- Born: Betty Ann Norton 5 July 1936
- Died: 5 June 2020 (aged 83) Beacon Hospital, Dublin, Ireland
- Occupation: Acting teacher
- Years active: 1959–2020
- Spouse(s): Michael J. Cunneen (1967–2017; his death)
- Relatives: Jim Norton (brother)

= Betty Ann Norton =

Irish drama teacher (1936–2020)

Betty Ann Norton (5 July 1936 – 5 June 2020) was an Irish drama teacher and founder of the Betty Ann Norton Theatre School and actor agency.

==Background==
Norton was born in 1936 and grew up in Dublin near the South Circular Road. Her mother, Frances, played the violin and her father, Eugene, was a baritone singer. Frances was a full-time homemaker while Eugene worked as manager of the Bacon Shops on Grafton Street. One of two children, her younger brother Jim Norton also became a successful actor. She attended school at St Louis High School, Rathmines.

==Training==
Norton attended the Ena Mary Burke School of Drama and Elocution on Kildare Street, Dublin, where Hollywood star Maureen O'Hara had also trained. Norton's acting school offers an annual Ena Mary Burke scholarship in Burke's honour.
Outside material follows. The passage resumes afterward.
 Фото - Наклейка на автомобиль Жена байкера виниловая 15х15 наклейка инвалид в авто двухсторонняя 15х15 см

Norton was a Licentiate of the Guildhall School of Music and Drama (LGSM) in London and Associate of the Royal Irish Academy of Music (ARIAM) in Dublin. She was a member of the Dublin Shakespeare Society.

==Theatre school==
Norton originally planned to become an actor, but her family did not approve and her mother Frances encouraged her to become a teacher. In 1959 Norton established the Betty Ann Norton Theatre School on Harcourt Street in Dublin. Her husband, Michael, was co-director of the school. According to Norton, changes to traffic by the new Luas tram system caused the business to change premises to her childhood school, St Louis High School, Rathmines, in 2006.
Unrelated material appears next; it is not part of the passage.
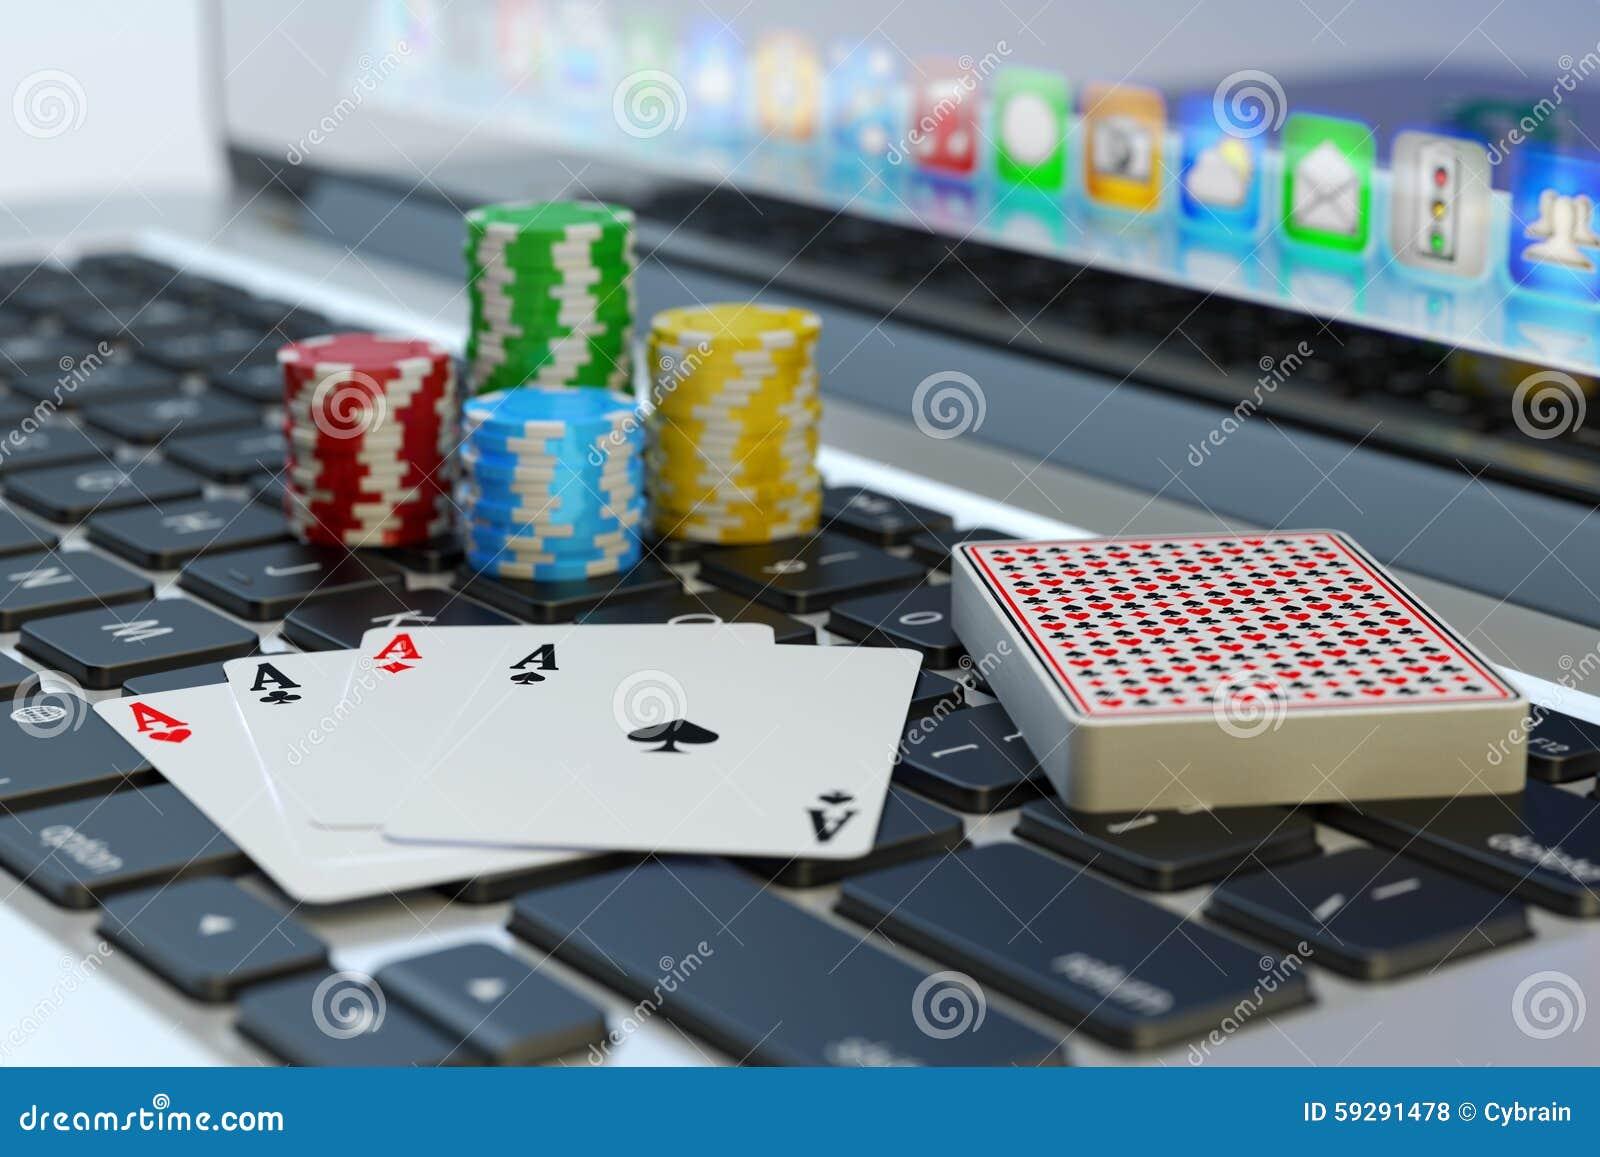 Карточные игры пасьянсы

Alumni of the School include:
- Claudia Boyle, opera singer
- Claudia Carroll, actor and author
- Peter Crawley, art critic for The Irish Times
- Jim Culleton, actor
- Pádraic Delaney, actor
- Moya Doherty, founder of RIverdance
- Emma Donoghue, author and playwright
- Danielle Galligan, actor
- Ruth Gilligan, author
- Amy Huberman, actor and author
- Dervla Kirwan, actor
- Áine Lawlor, broadcaster
- Justine Mitchell, actor
- Diarmuid Noyes, actor
- Hugh O'Conor, actor
- Jim O'Hanlon, director
- Shane O'Reilly, actor
- Marian Richardson, broadcaster, actor, and producer
- Eleanor Shanley, singer

==Personal life==
Norton met her husband Michael J. Cunneen on the Aran Islands in 1965 and they married in 1967. They lived in Dún Laoghaire. Michael died in the Blackrock Clinic on 12 May 2017.

==Death==
Norton died in the Beacon Hospital on 5 June 2020 at the age of 83. She was cremated and interred at Mount Jerome Cemetery and Crematorium. President of Ireland, Michael D. Higgins, paid tribute to Norton, describing her as a "theatre legend" and "one of our foremost theatre teachers".